Data records
======

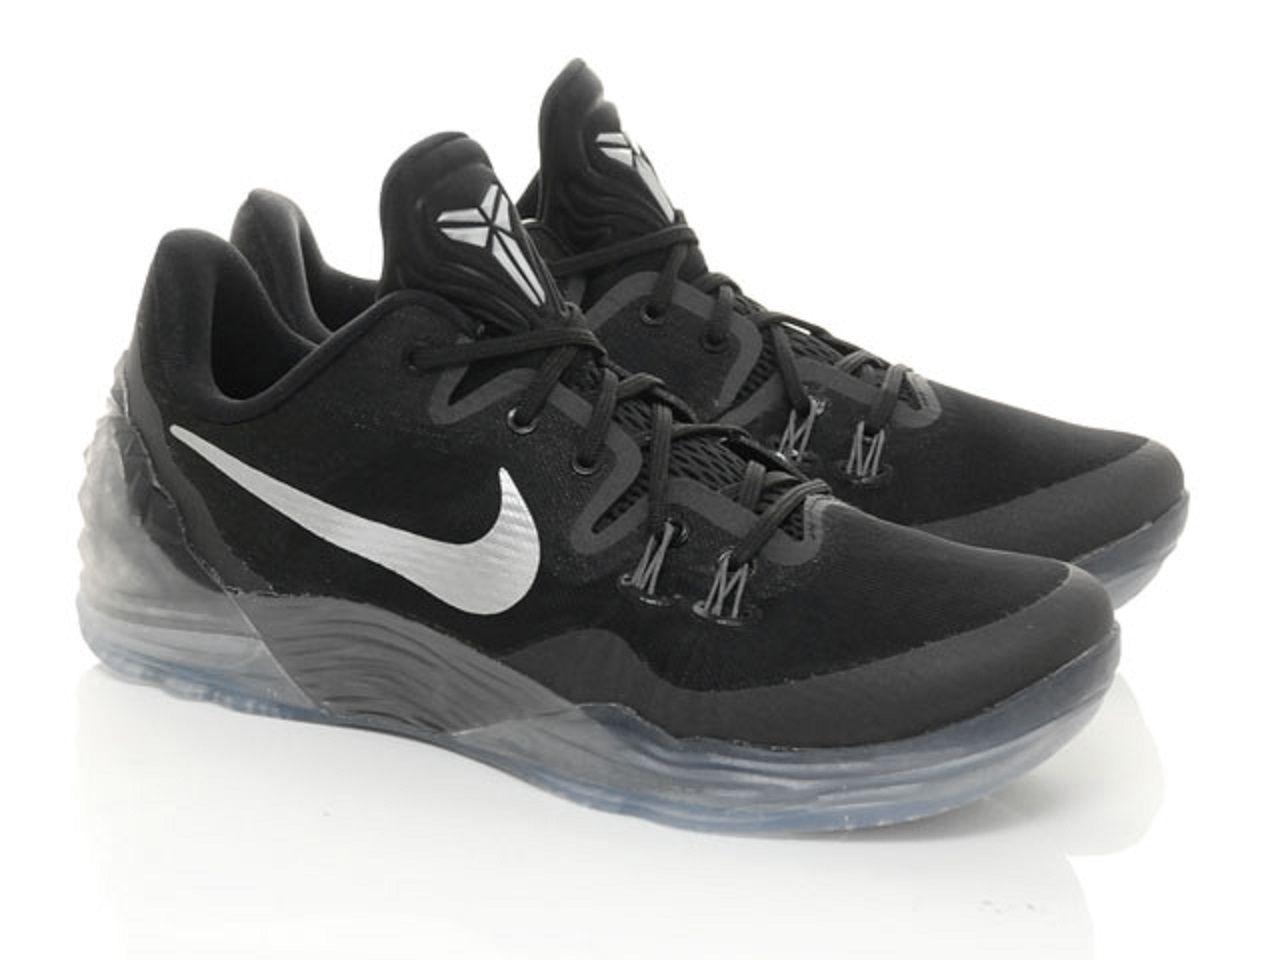 nike zoom kobe venomenon 5 ep limit black basketball shoes
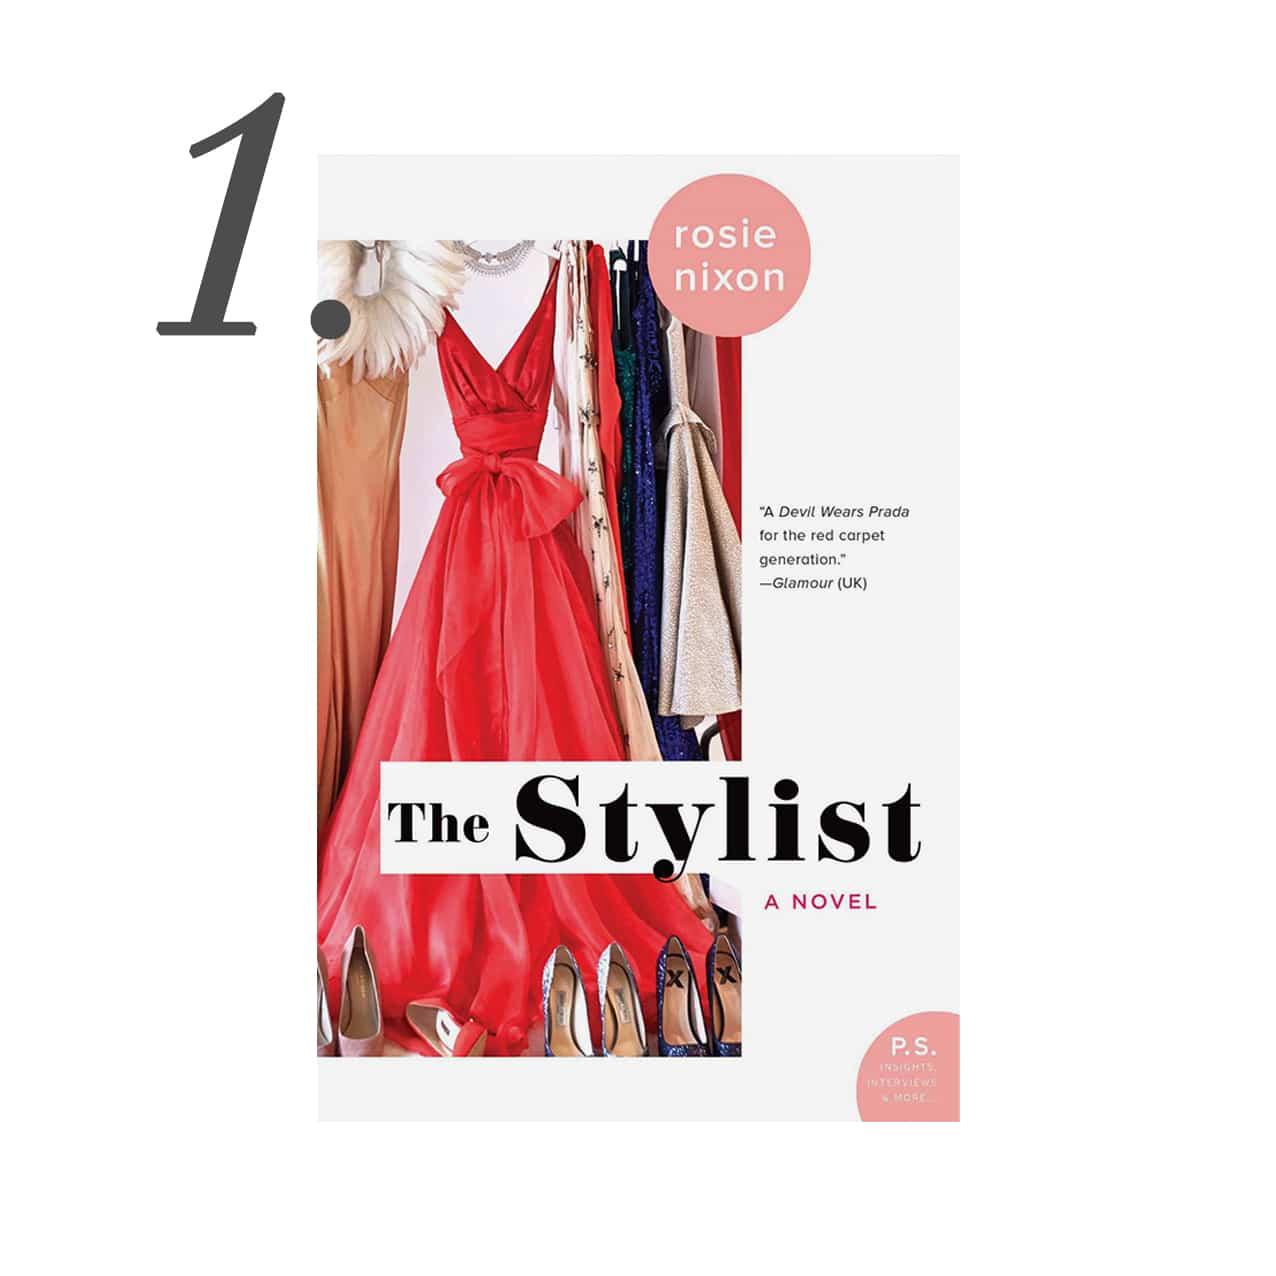 The Stylist A Novel by Rosie Nixon | www.ashleybrookedesigns.com
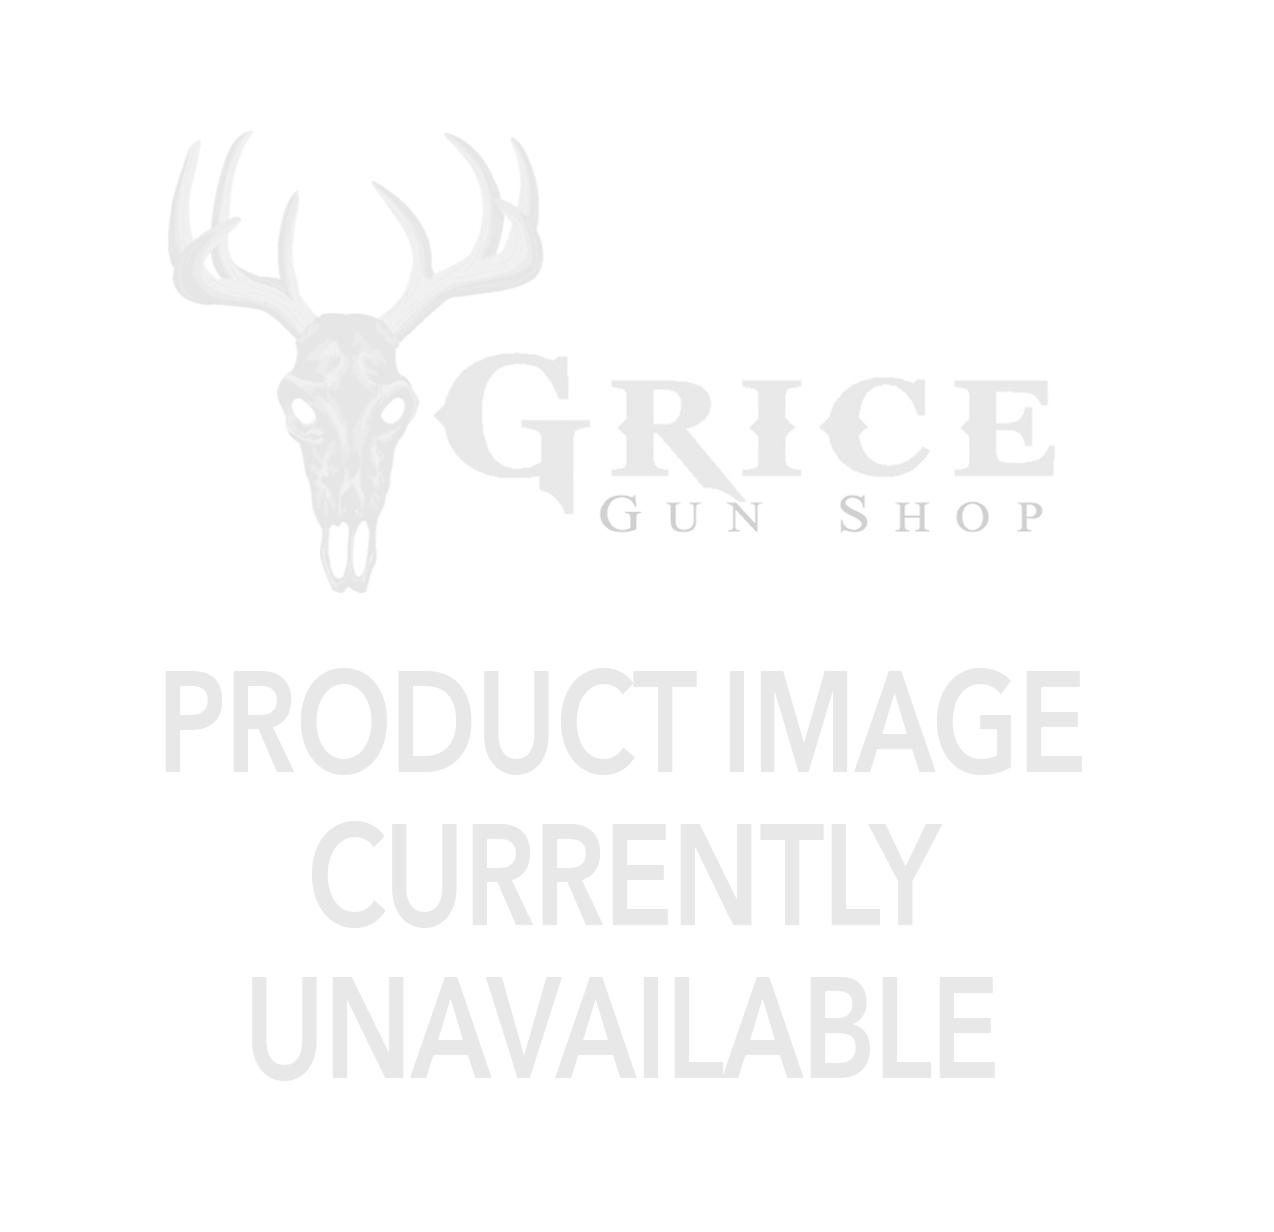 Hunter Specialties - Vita-Rack Salt Lick Block - Apple
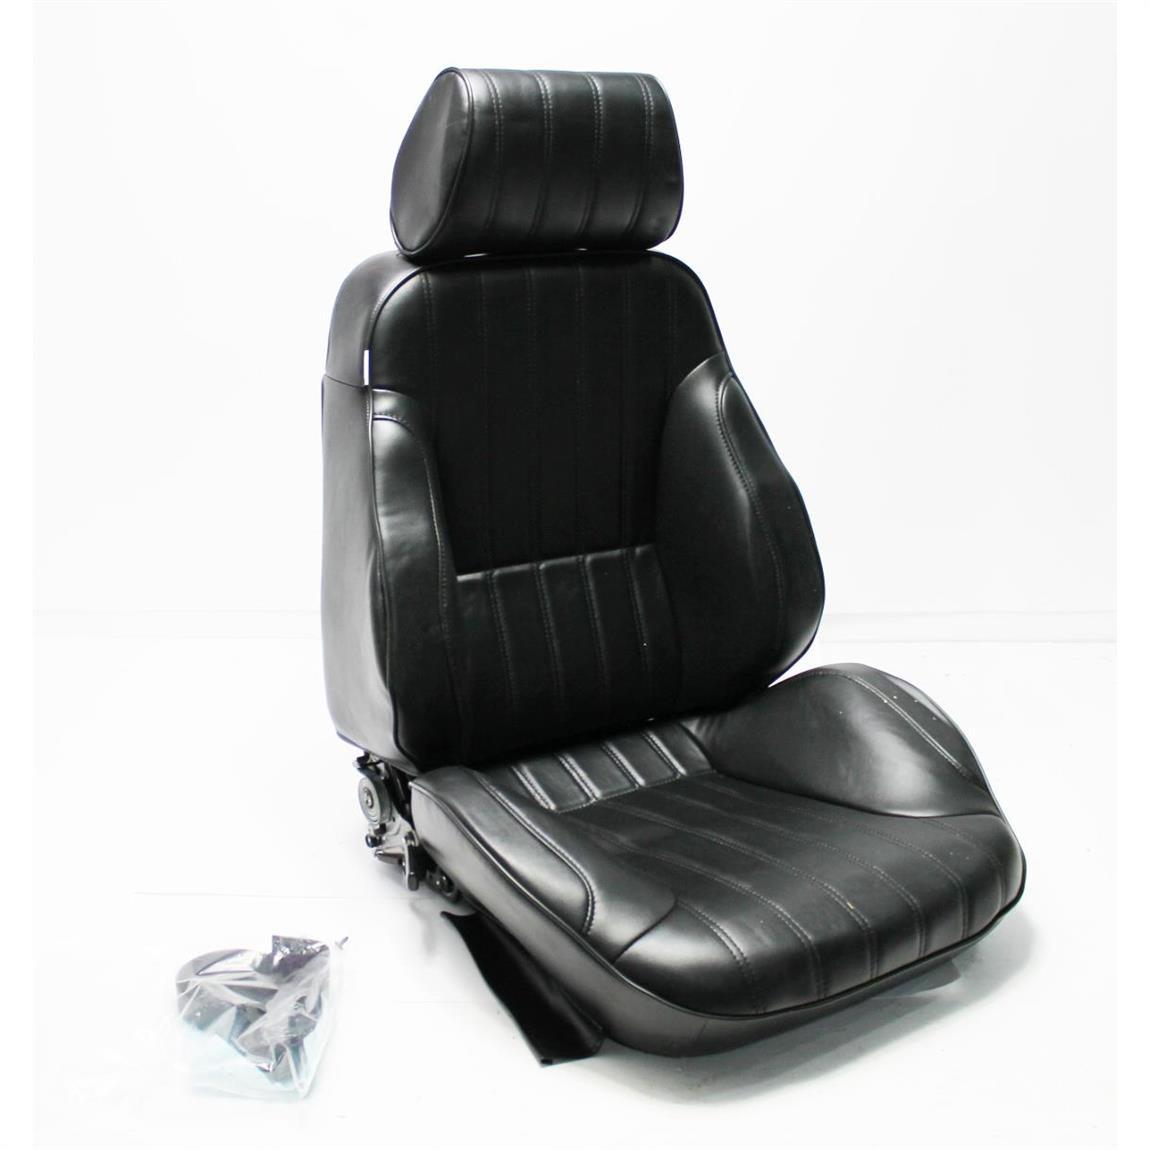 Garage Sale Scat Procar Rally 1000 Series Bucket Seat Passenger
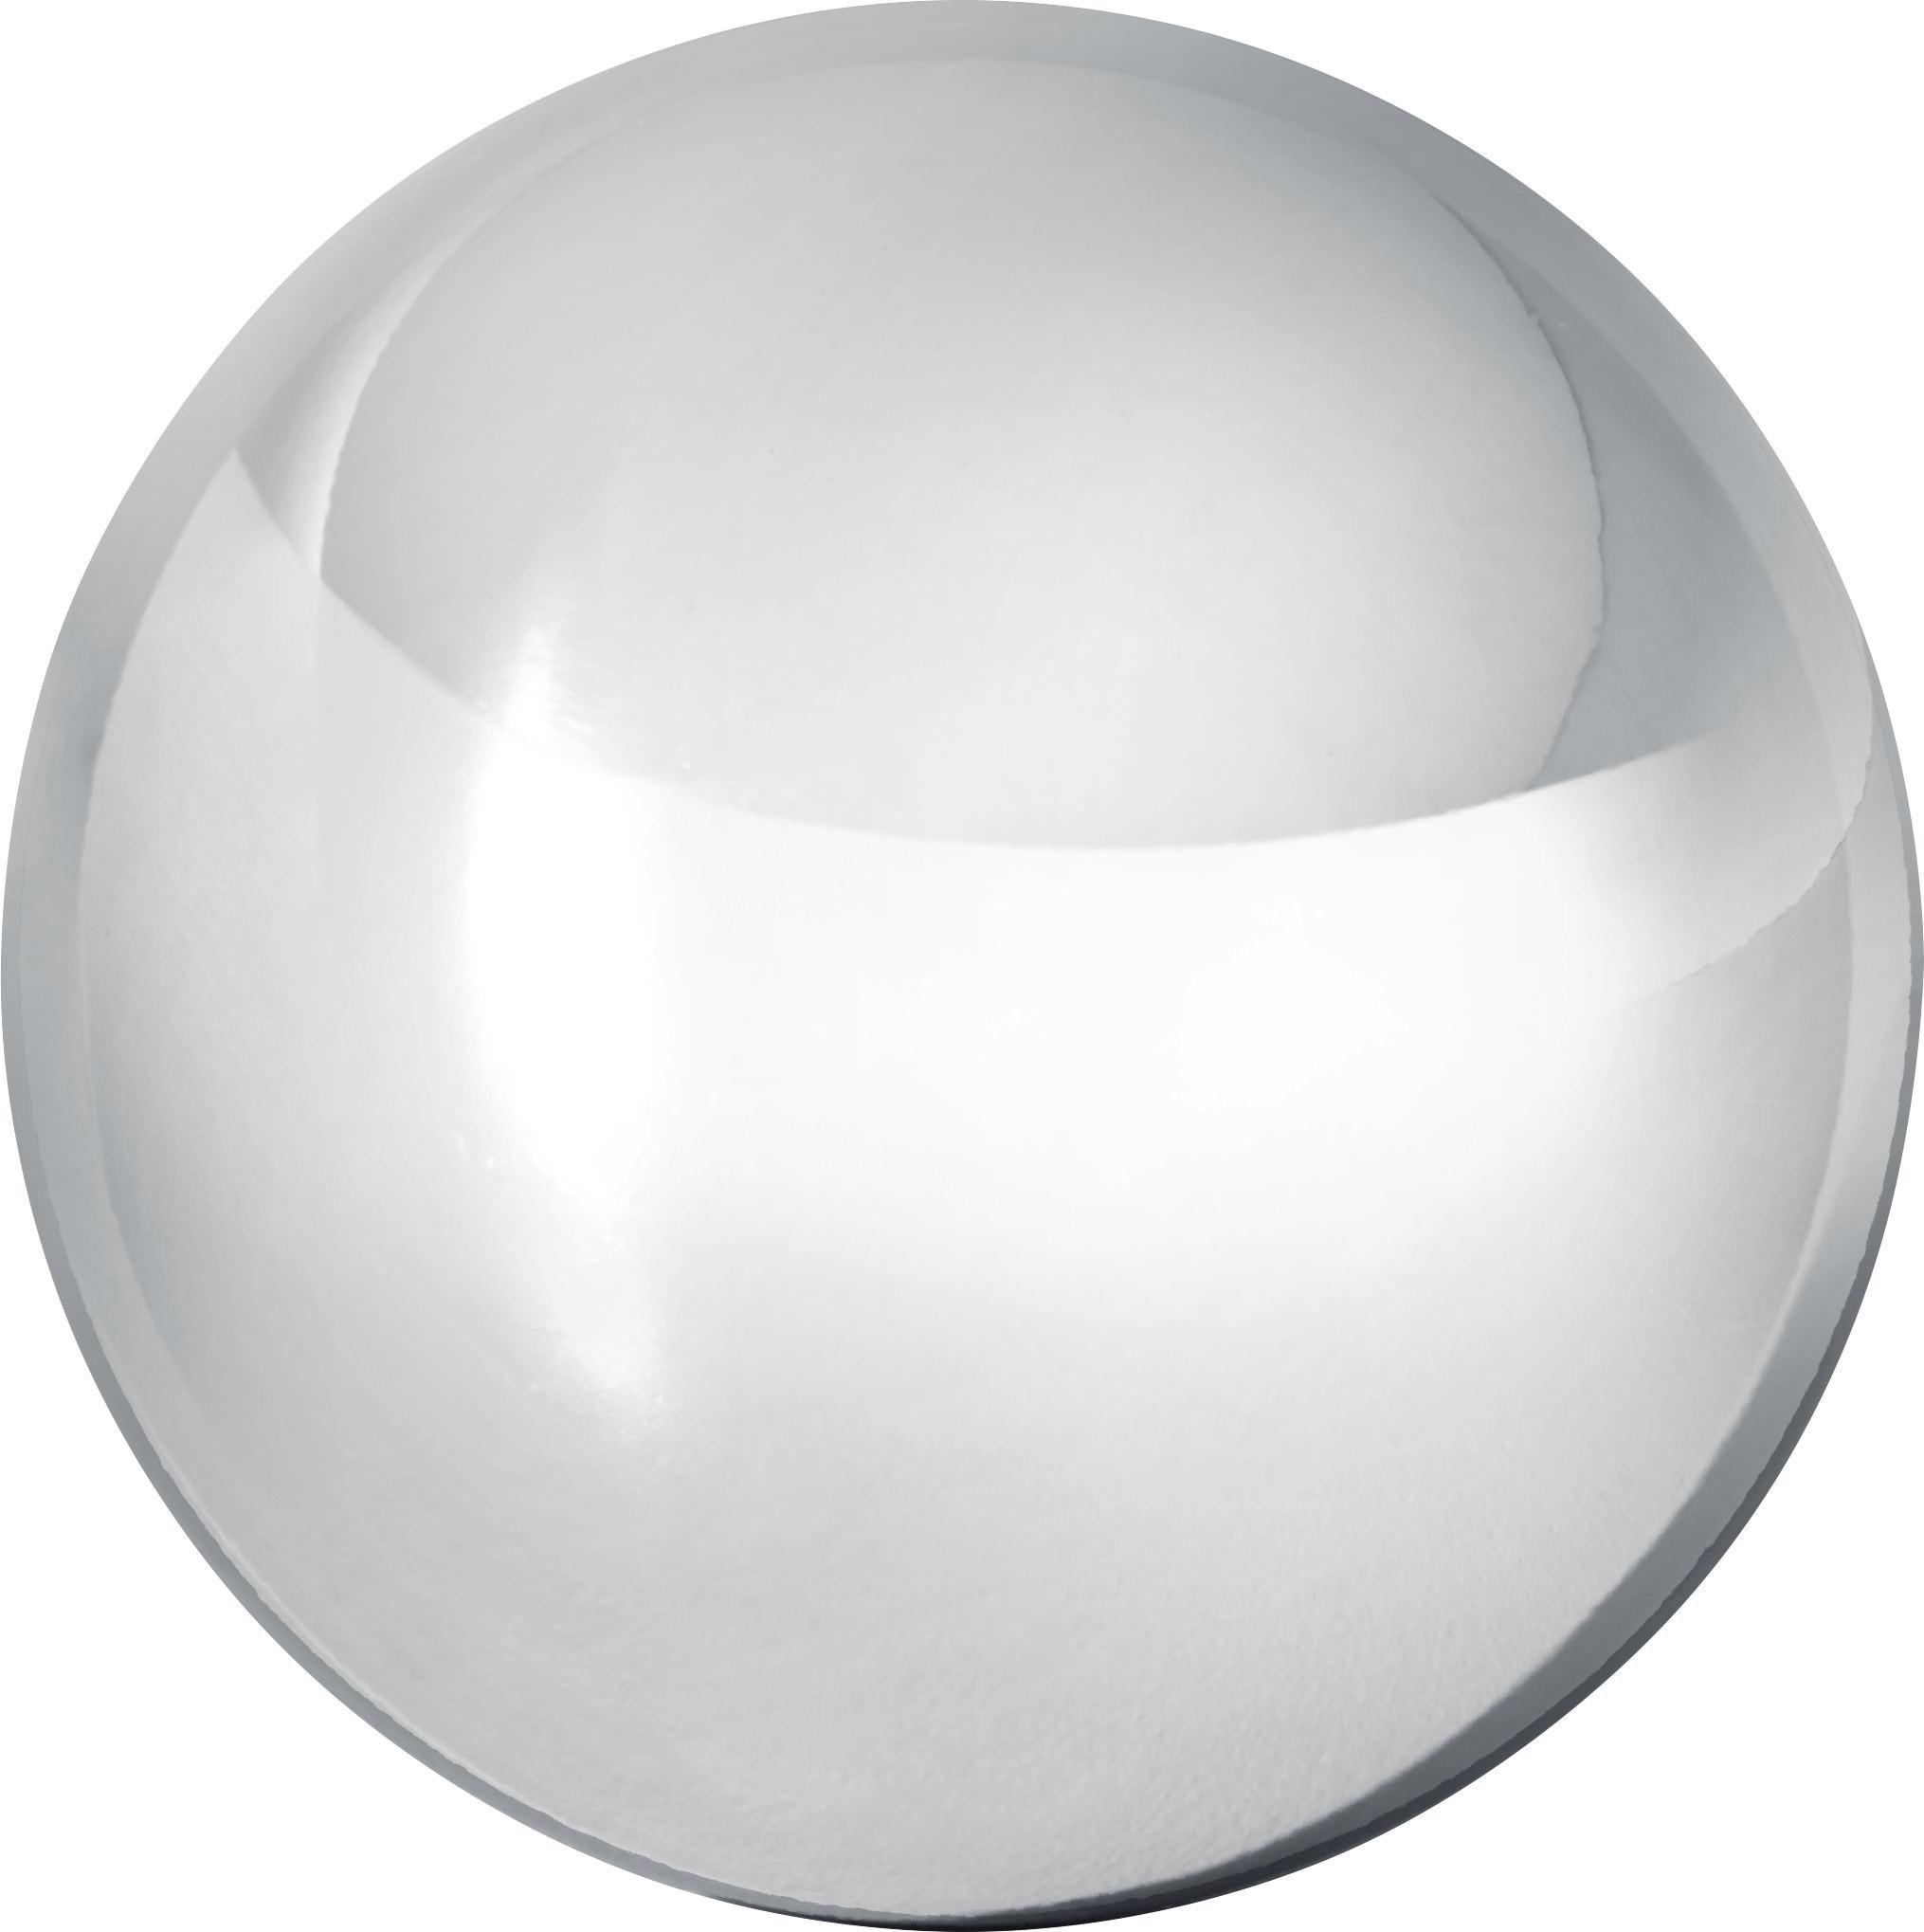 Dekokugel 28 cm Mia - Silberfarben, Metall (28cm) - MÖMAX modern living

======

Goal of the exercise
Retype all entries exactly; omit pictures.

Result
 nike zoom kobe venomenon 5 ep limit black basketball shoes
 The Stylist A Novel by Rosie Nixon | www.ashleybrookedesigns.com
 Hunter Specialties - Vita-Rack Salt Lick Block - Apple
 Garage Sale Scat Procar Rally 1000 Series Bucket Seat Passenger
 Dekokugel 28 cm Mia - Silberfarben, Metall (28cm) - MÖMAX modern living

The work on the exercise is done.